(Problem requirements)
All pictures are to be omitted while the lines starting at the line with "wifi 信号 共享 标识" and ending at the line with "bride-and-groom-feet" in the material below are retyped exactly, both ends included.

(Source material)
■ ■ ■ ■ ■

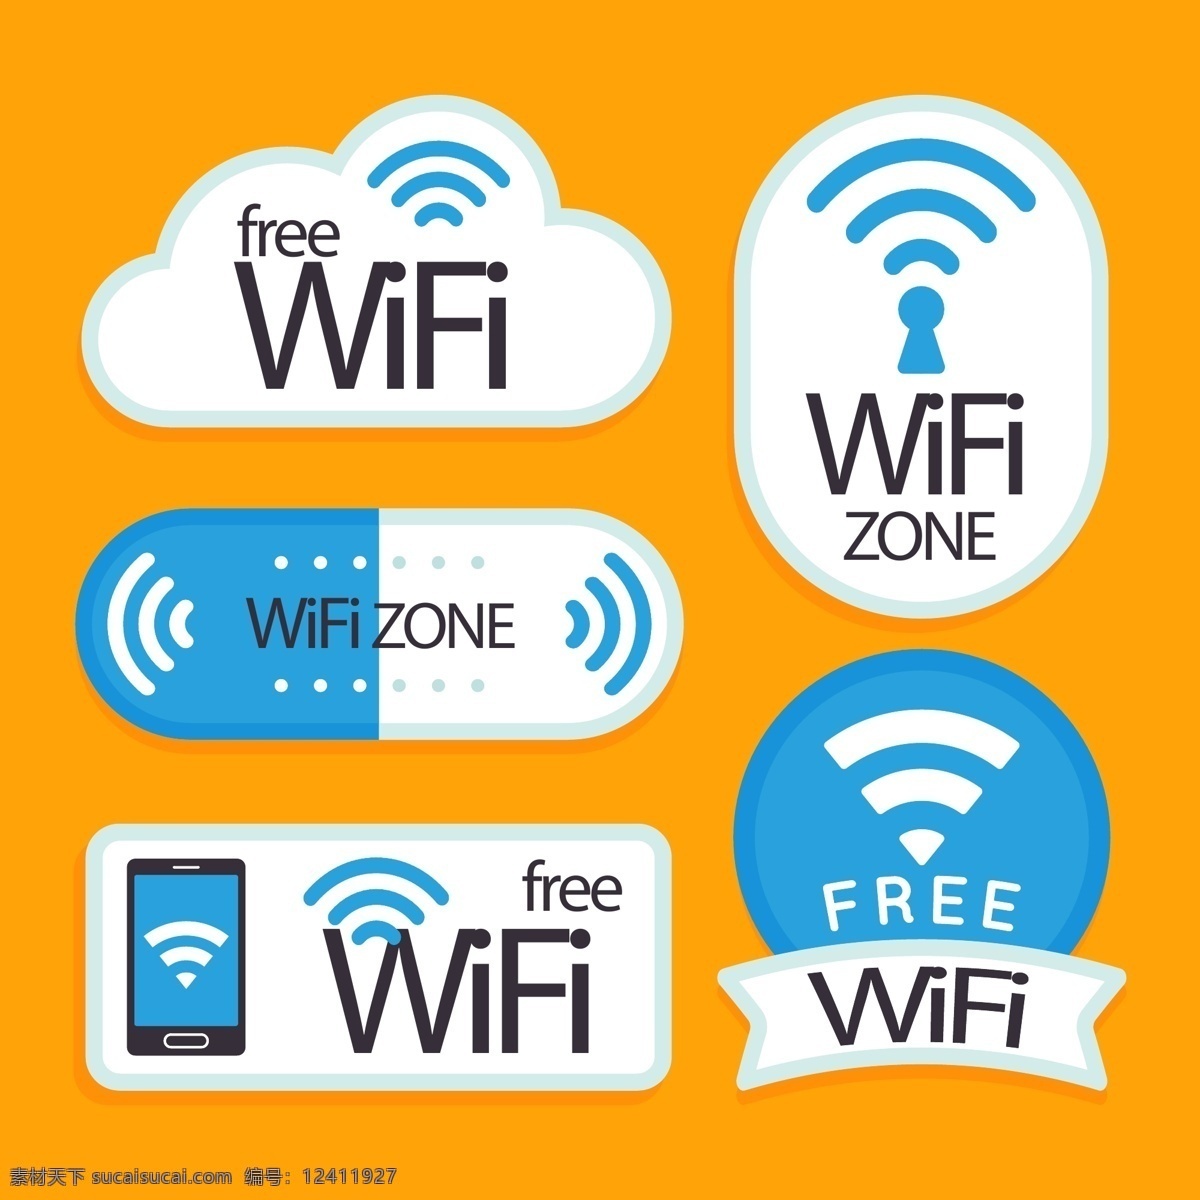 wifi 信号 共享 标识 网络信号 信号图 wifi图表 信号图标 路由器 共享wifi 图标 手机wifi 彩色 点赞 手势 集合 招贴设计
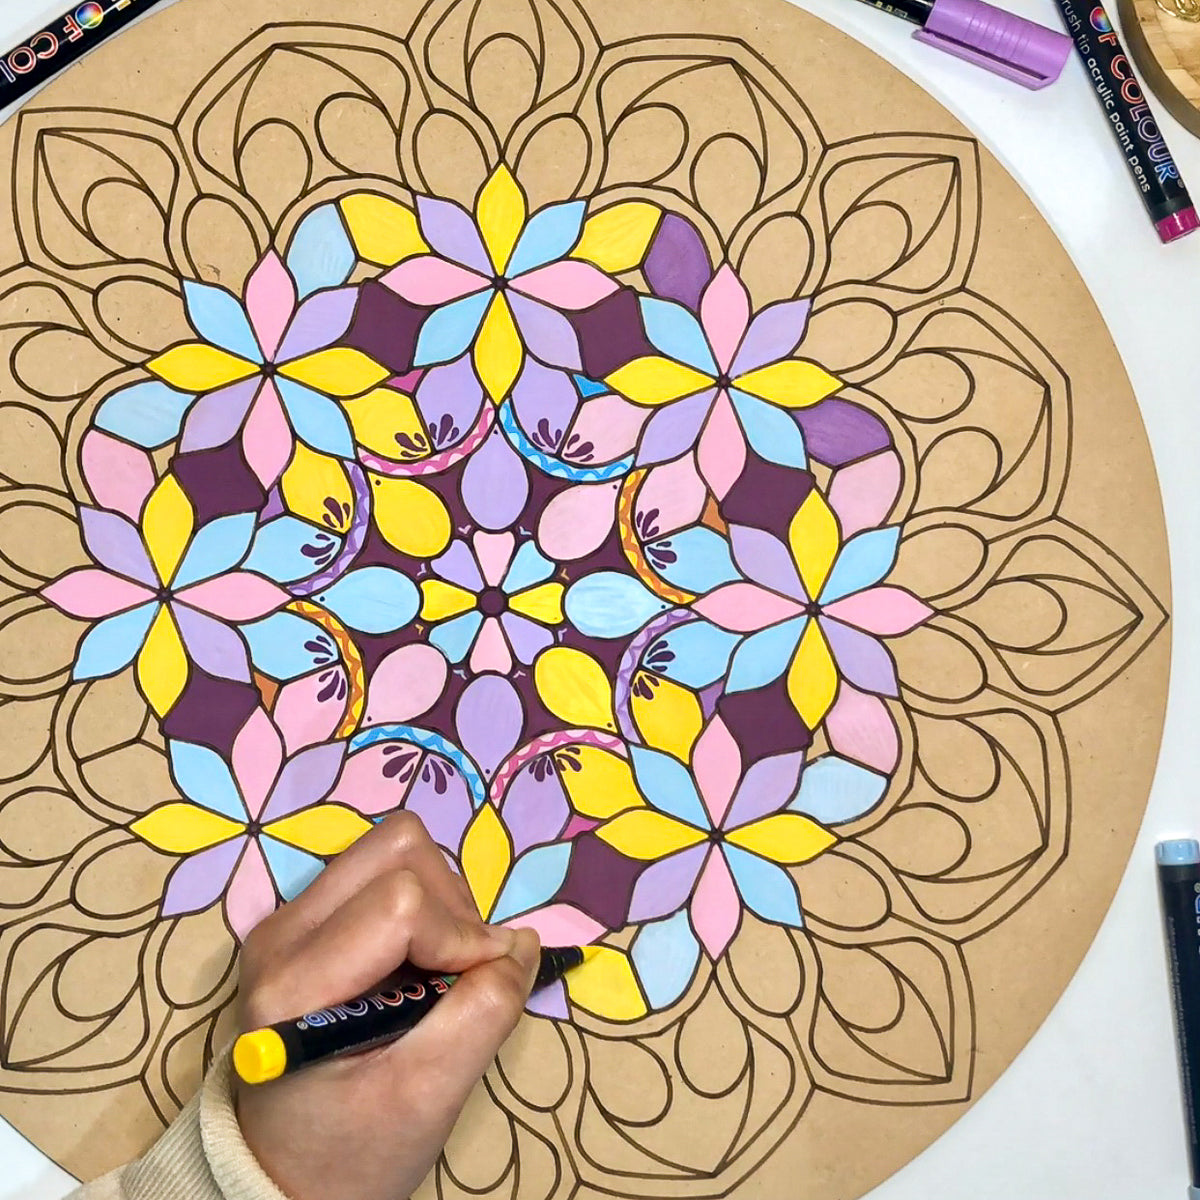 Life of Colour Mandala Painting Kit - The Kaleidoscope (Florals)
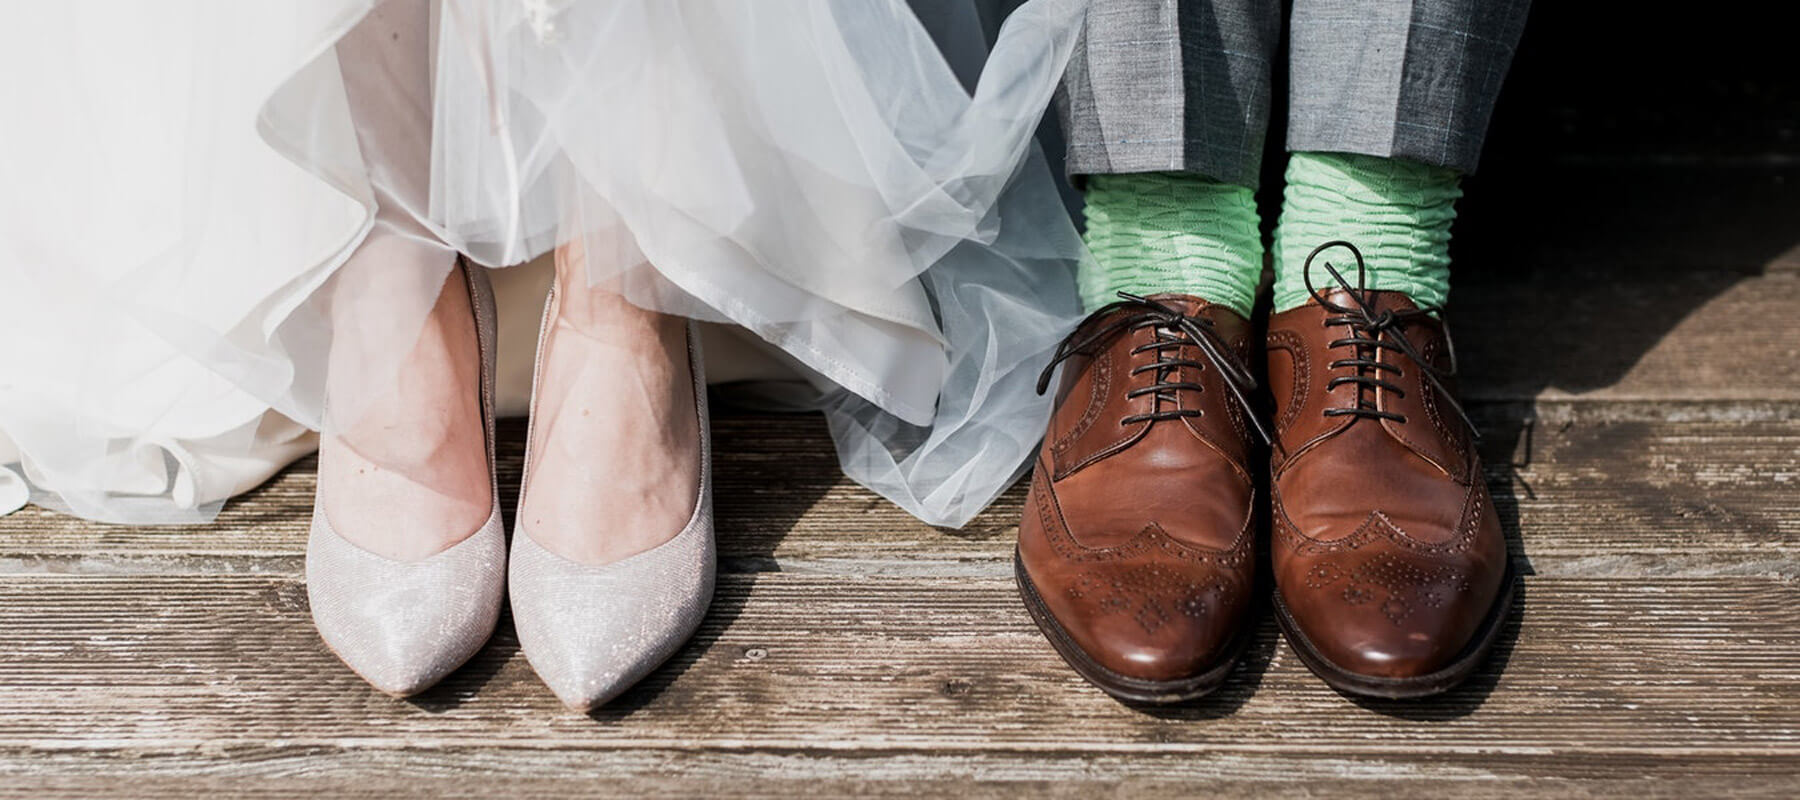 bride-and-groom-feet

■ ■ ■ ■ ■

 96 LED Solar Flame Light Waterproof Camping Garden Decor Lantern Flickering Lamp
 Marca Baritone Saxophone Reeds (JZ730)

■ ■ ■ ■ ■

(Result for this task)
 wifi 信号 共享 标识 网络信号 信号图 wifi图表 信号图标 路由器 共享wifi 图标 手机wifi 彩色 点赞 手势 集合 招贴设计
 Life of Colour Mandala Painting Kit - The Kaleidoscope (Florals)
 bride-and-groom-feet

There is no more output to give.